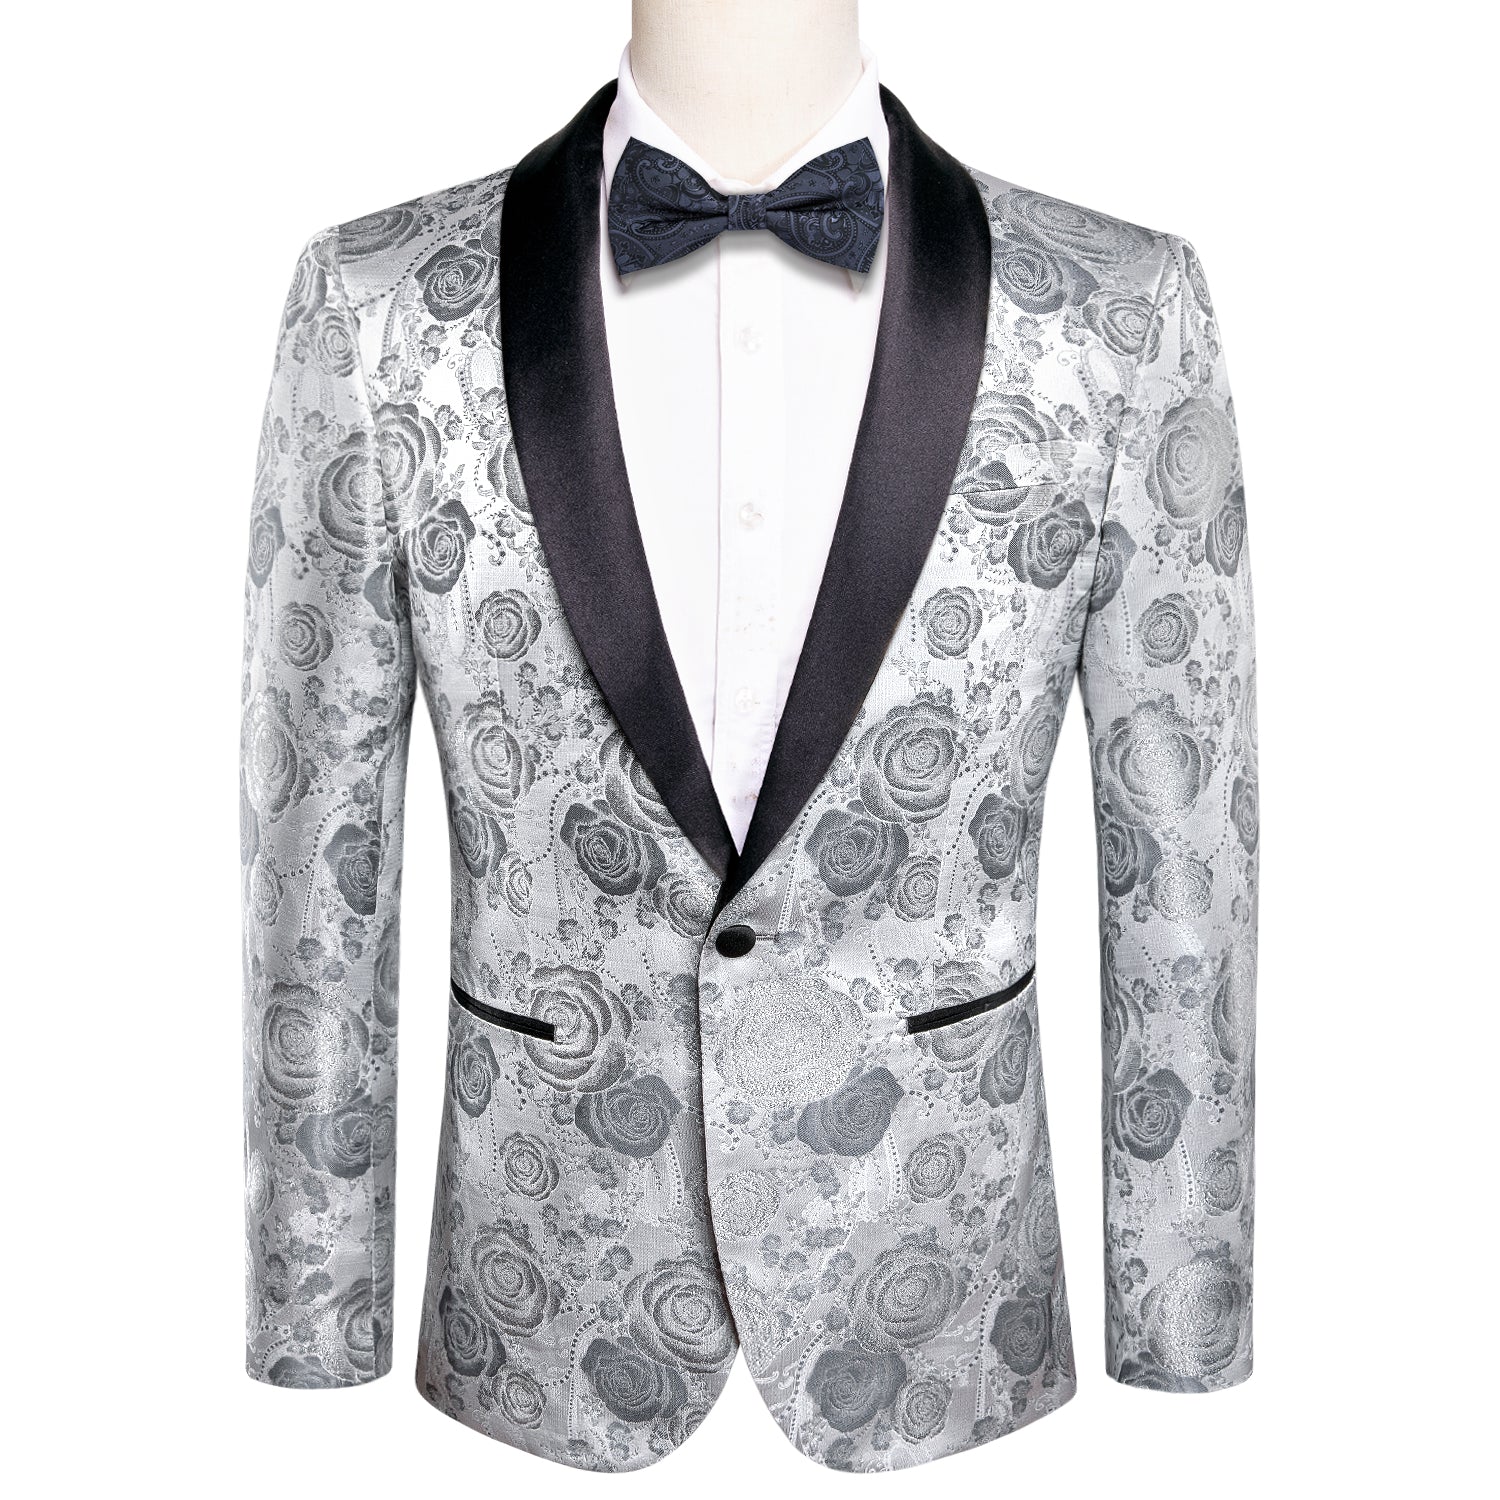 New Luxury Grey White Floral Men's Suit Set
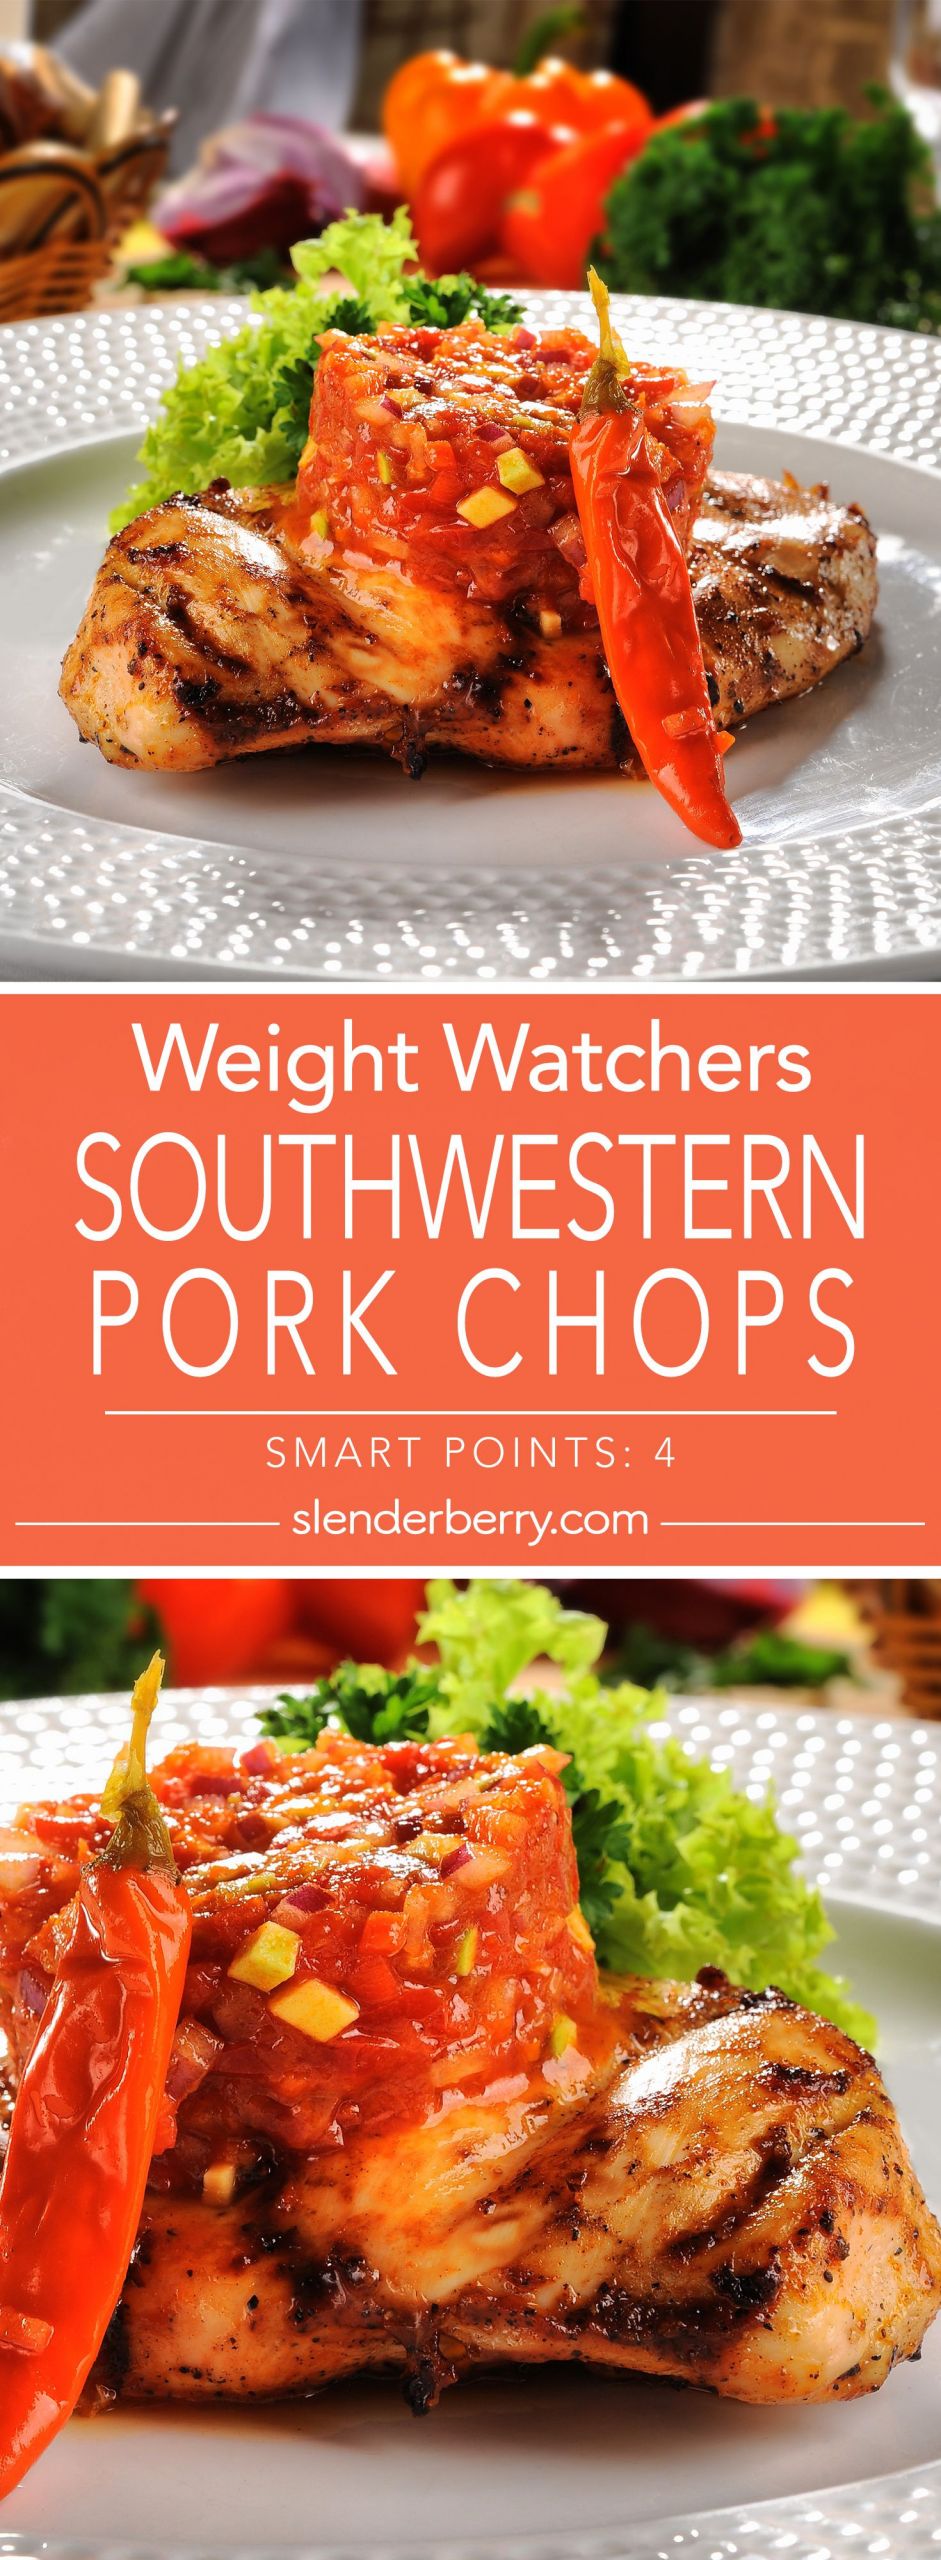 Low Calorie Recipes For Pork Chops
 Southwestern Pork Chops Recipe
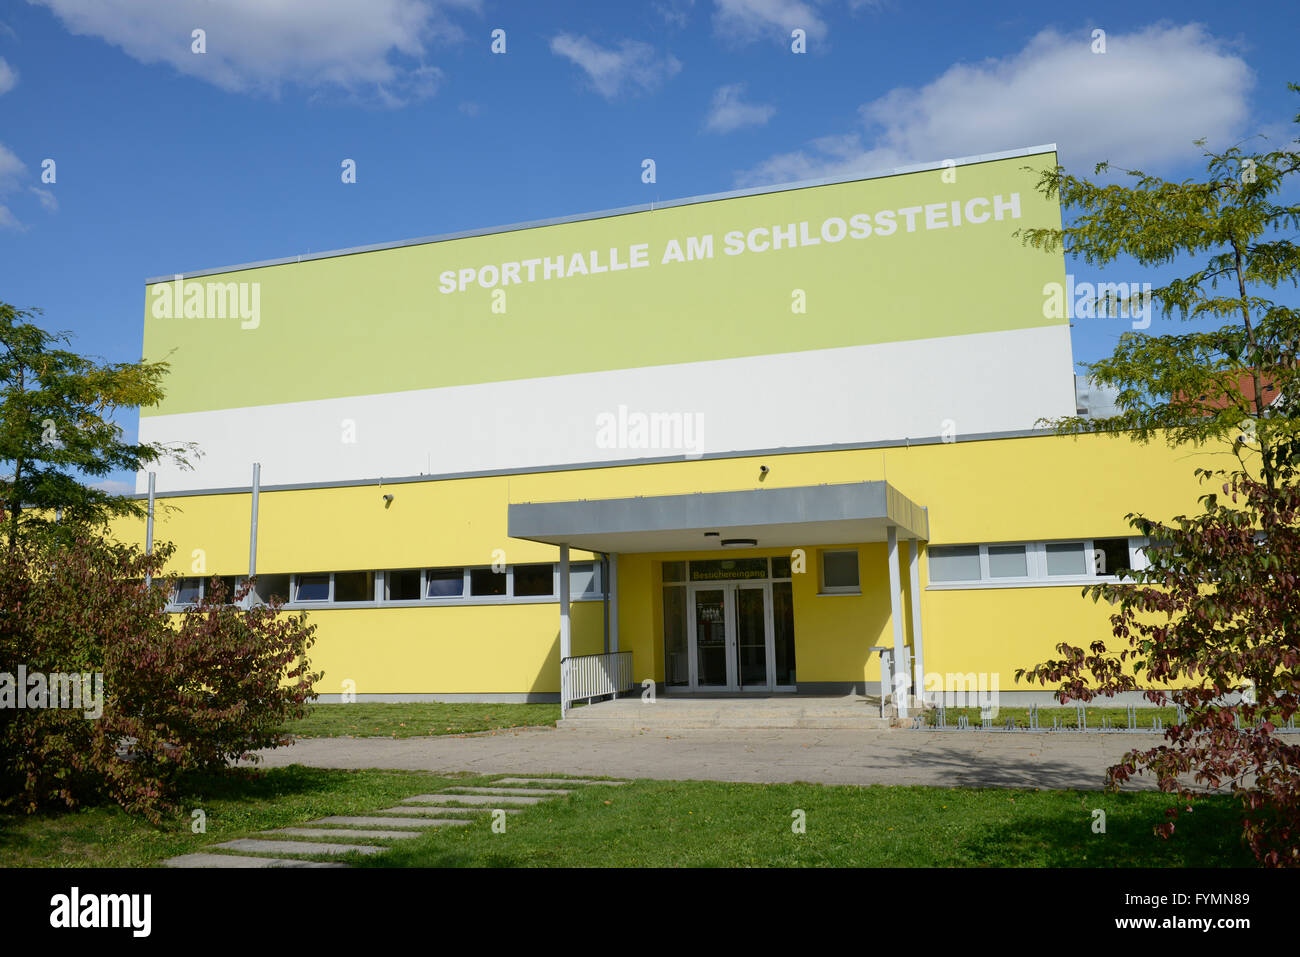 Sporthalle am Schlossteich, Chemnitz, Sachsen, Deutschland Stock Photo
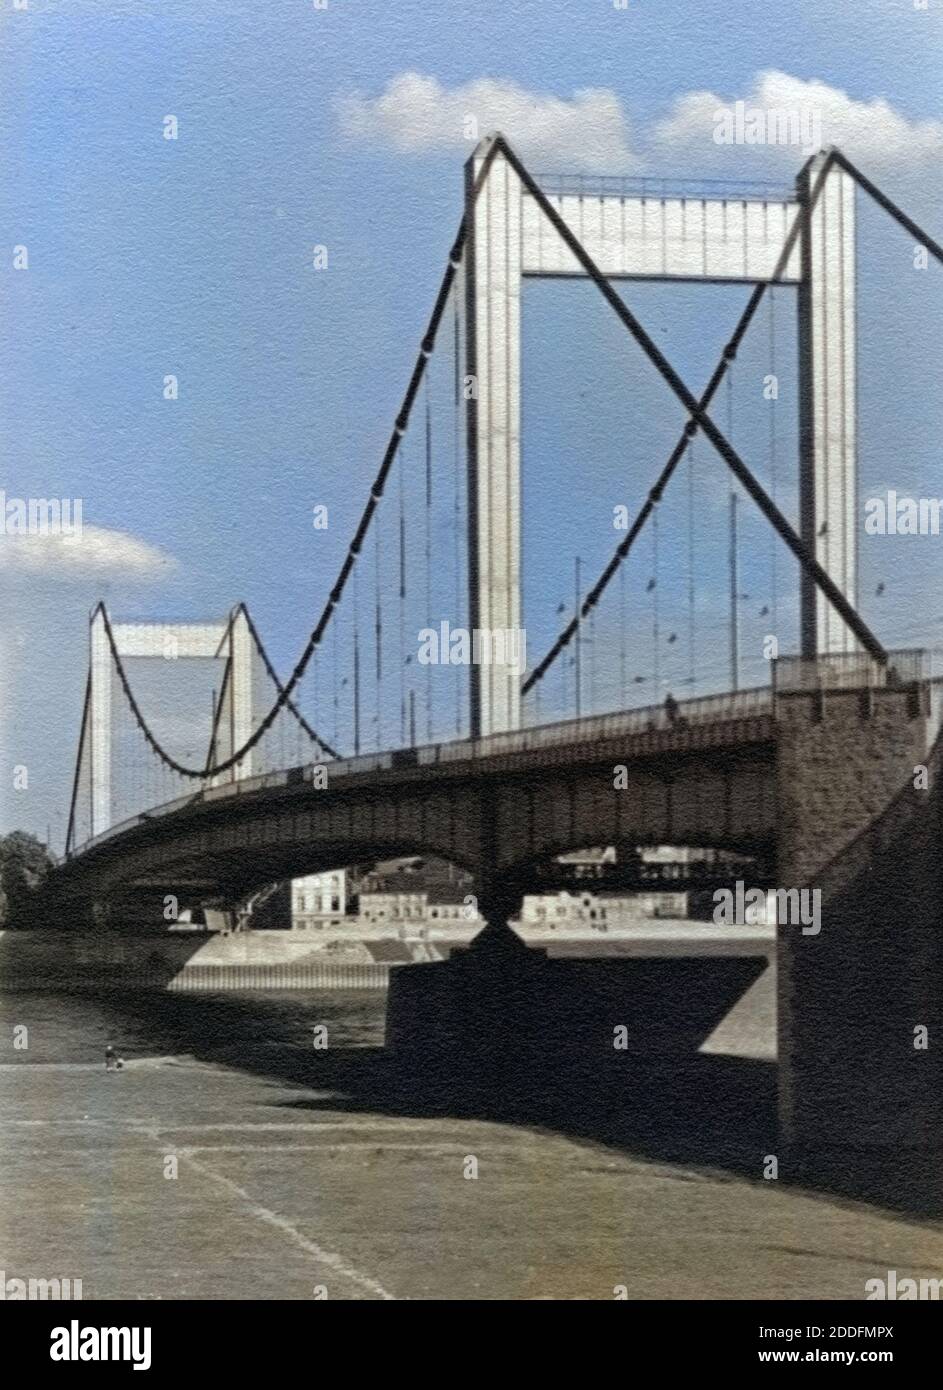 Die Mülheimer Brücke über den Rhein in Köln, Deutschland 1930er Jahre. Muelheimer Bruecke bridge over river Rhine at Cologne, Germany 1930s. Stock Photo

_Directions_
Each entry gets copied exactly; the pictures stay out.

_Response box_
 New Luxury Grey White Floral Men's Suit Set
 Low Calorie Recipes For Pork Chops
 Southwestern Pork Chops Recipe
 Sporthalle am Schlossteich, Chemnitz, Sachsen, Deutschland Stock Photo
 Die Mülheimer Brücke über den Rhein in Köln, Deutschland 1930er Jahre. Muelheimer Bruecke bridge over river Rhine at Cologne, Germany 1930s. Stock Photo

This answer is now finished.